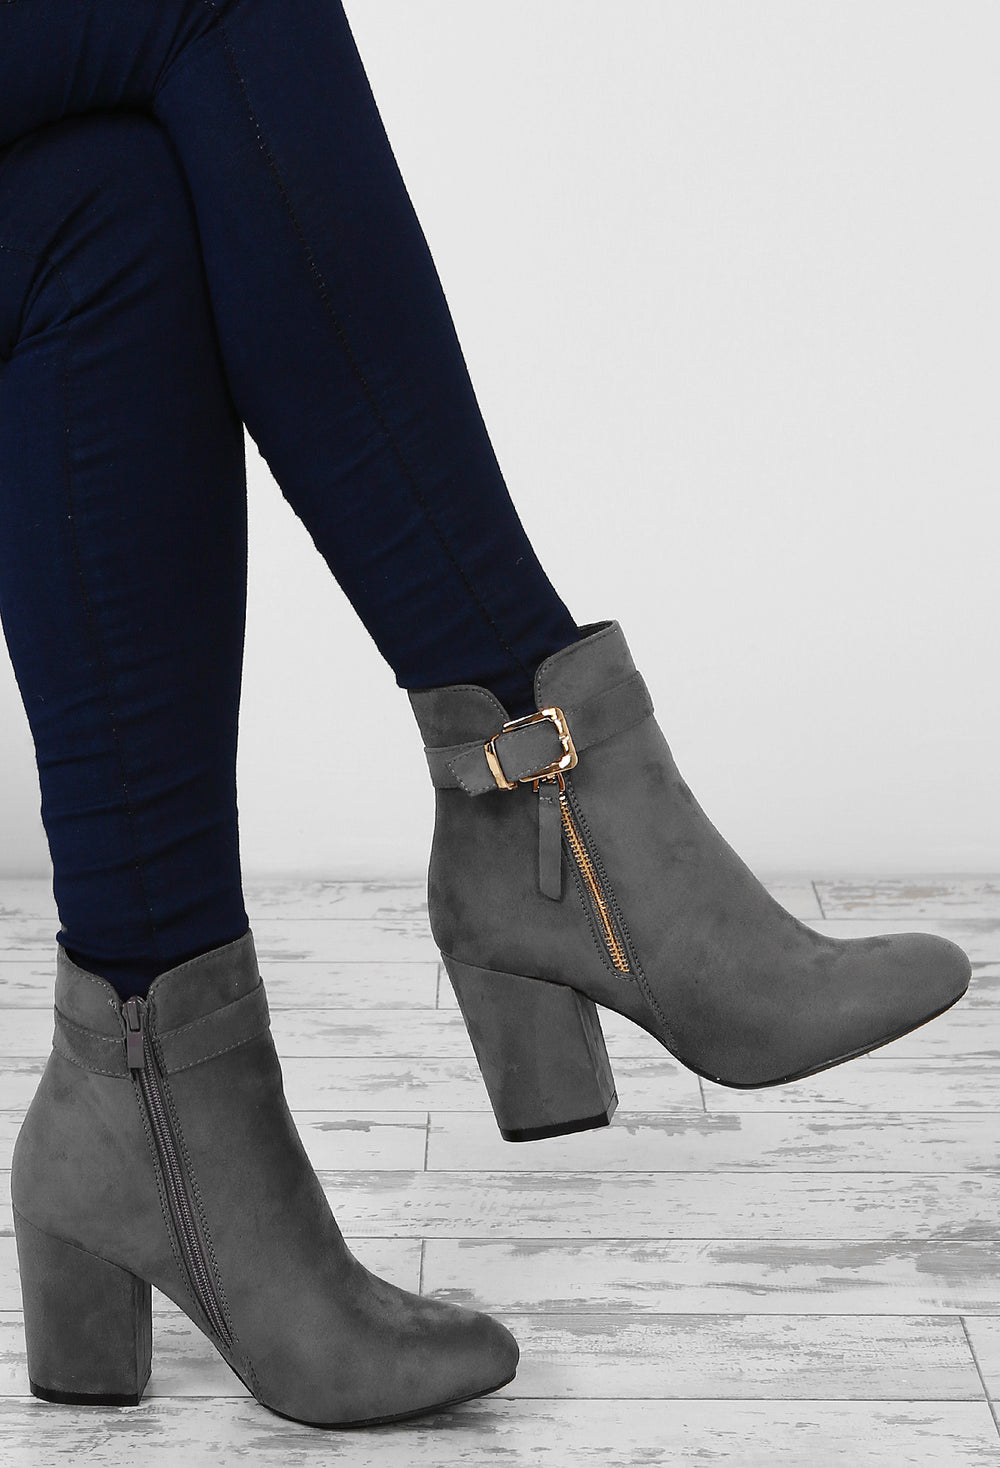 gray block heel booties
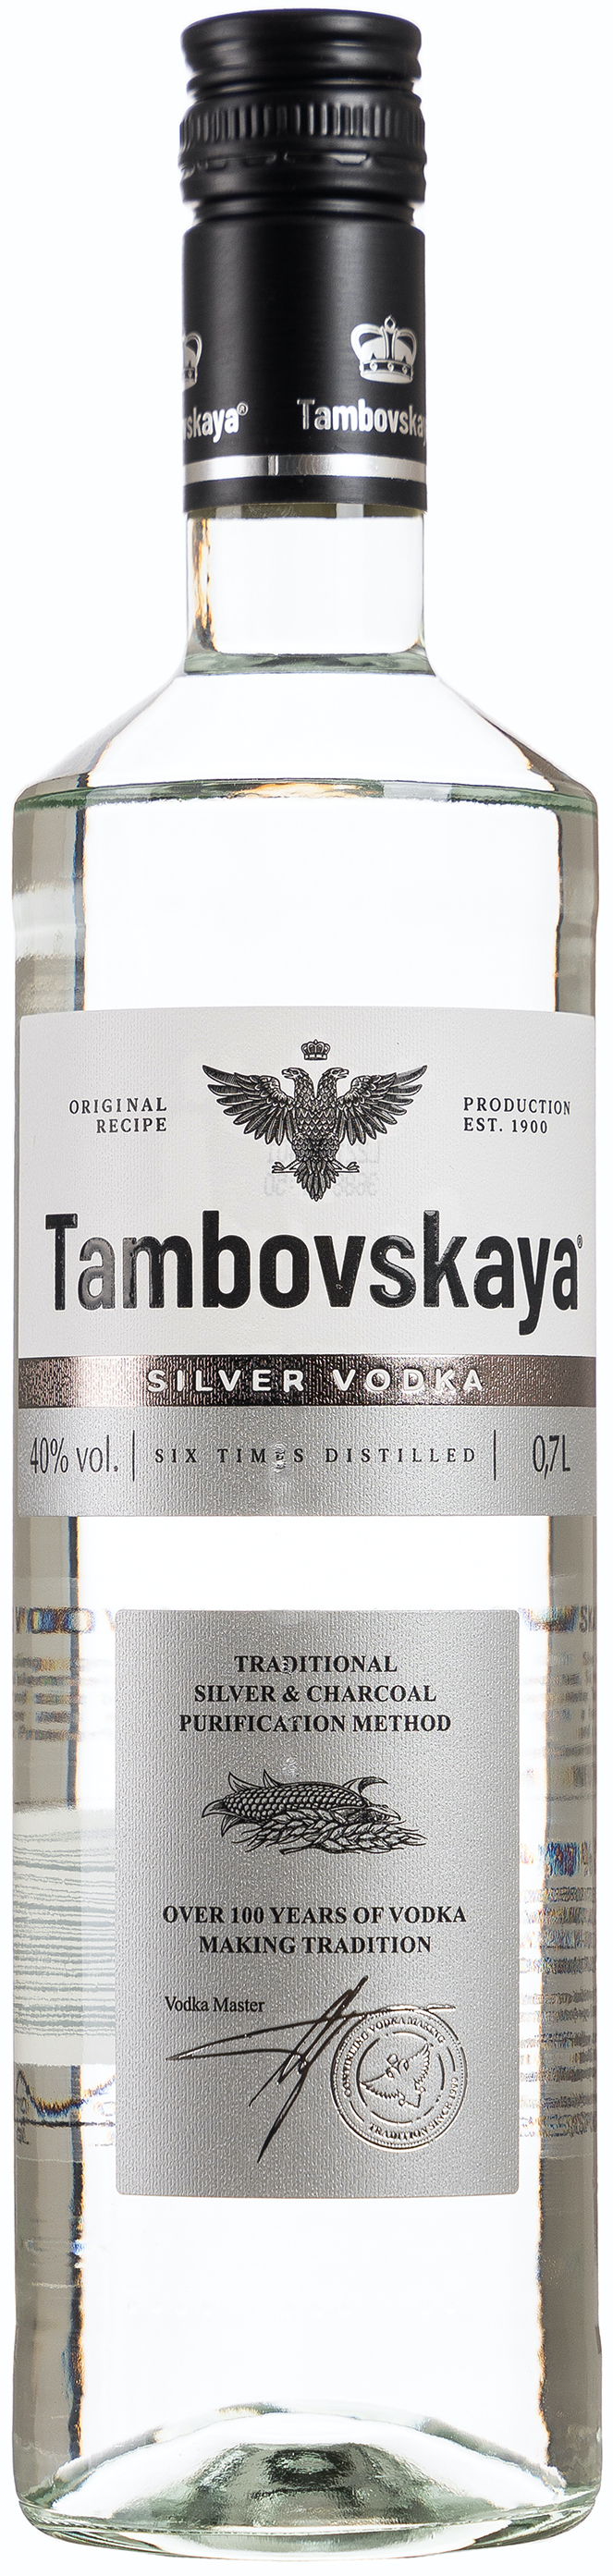 Tambovskaya Vodka 40% vol. 0,7L 
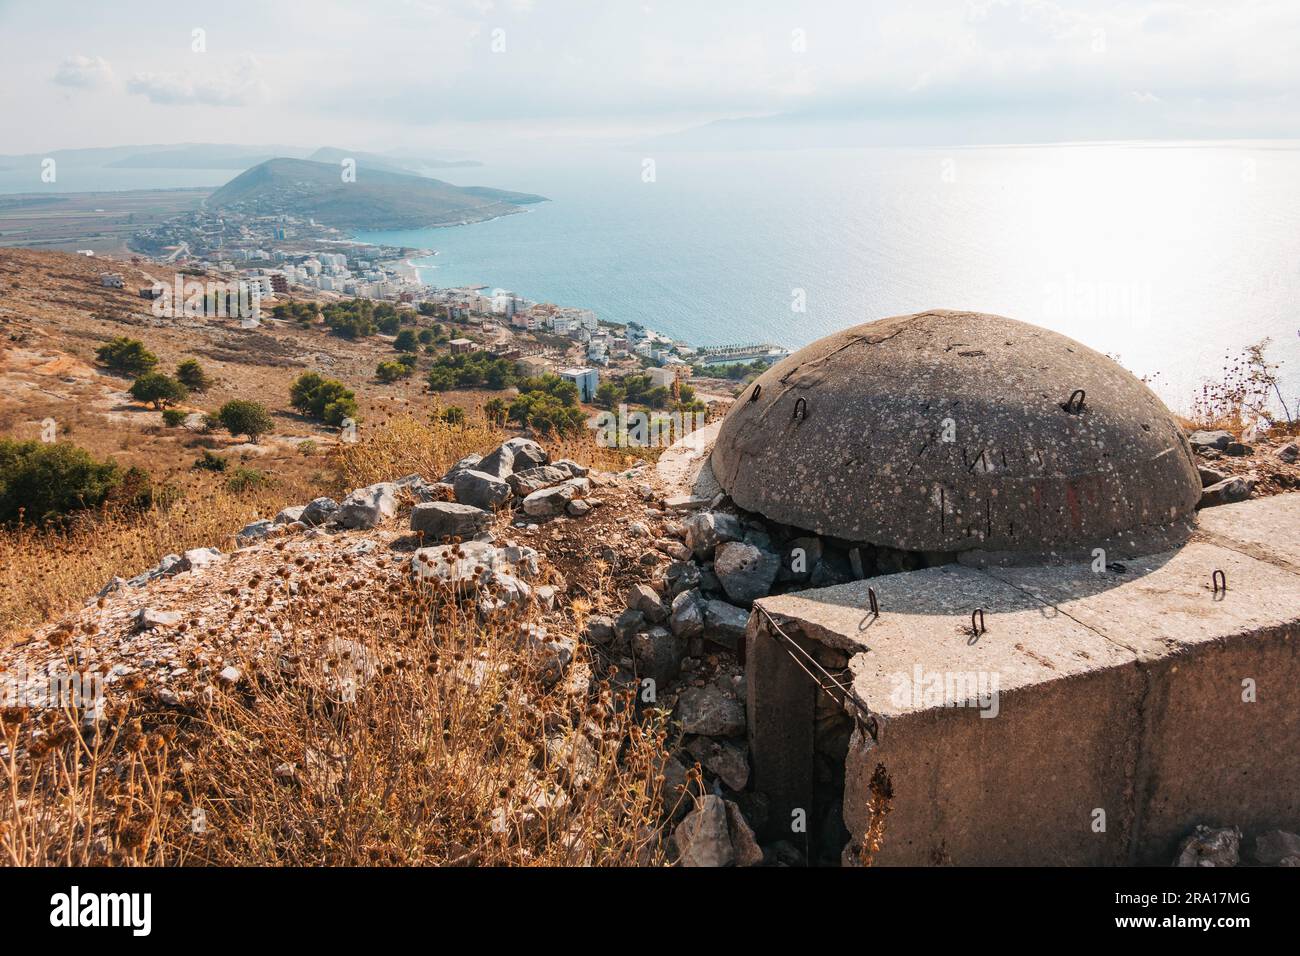 Un bunker di cemento dell'epoca comunista sulla cima di una collina a Sarandë, nell'Albania meridionale Foto Stock
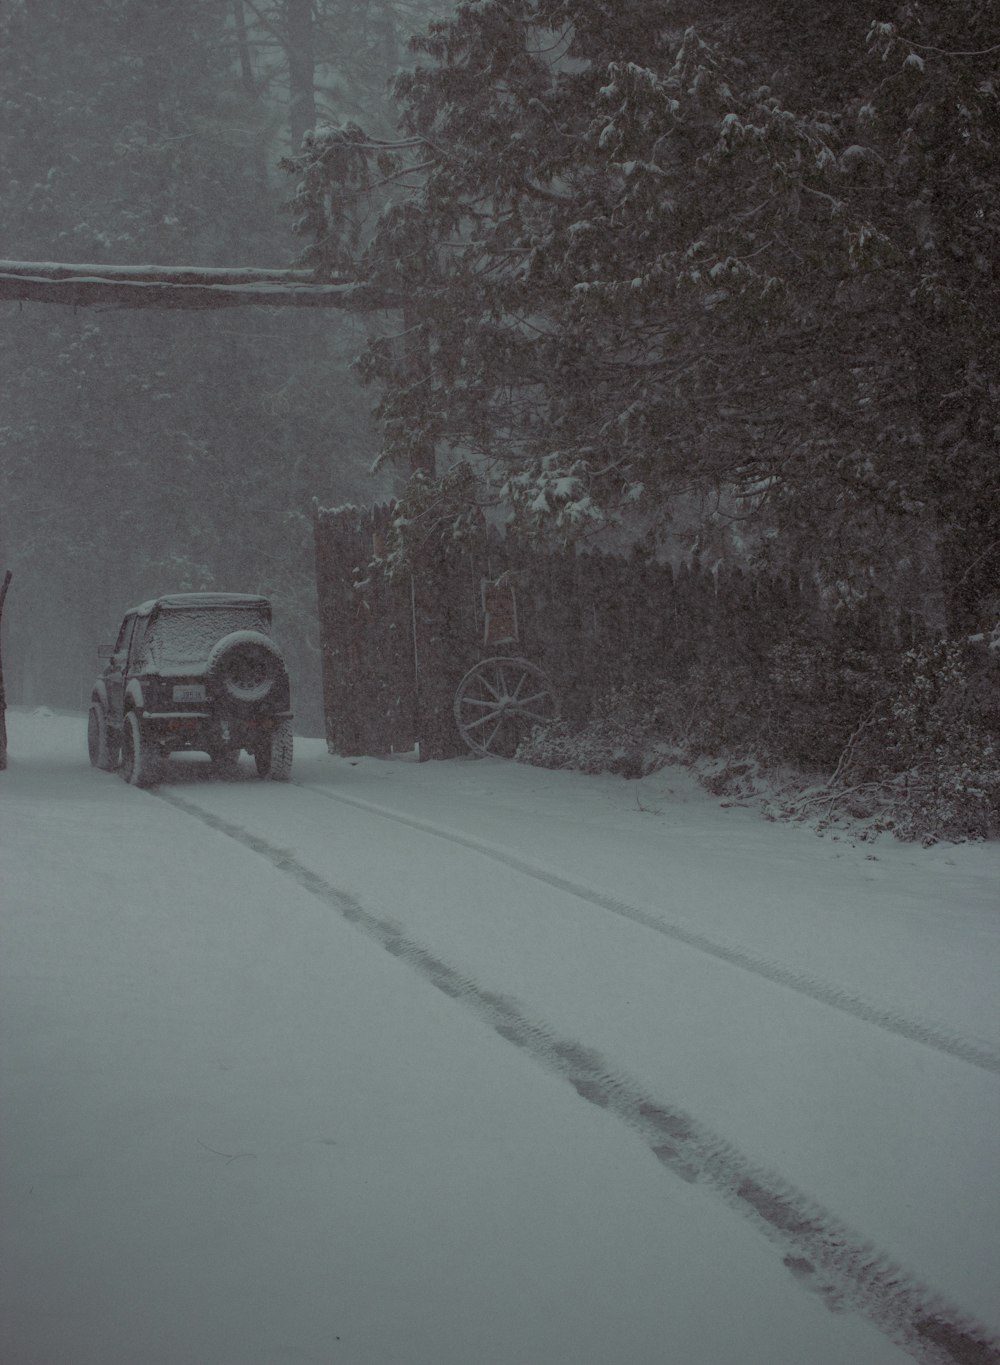 Ein Lastwagen, der eine schneebedeckte Straße entlangfährt

* Prompt: The result should be a word-for-word restatement of all the data, without images.

* Task solution:
 gray block heel booties
 Tambovskaya Vodka 40% vol. 0,7L 
 Un bunker di cemento dell'epoca comunista sulla cima di una collina a Sarandë, nell'Albania meridionale Foto Stock
 Ein Lastwagen, der eine schneebedeckte Straße entlangfährt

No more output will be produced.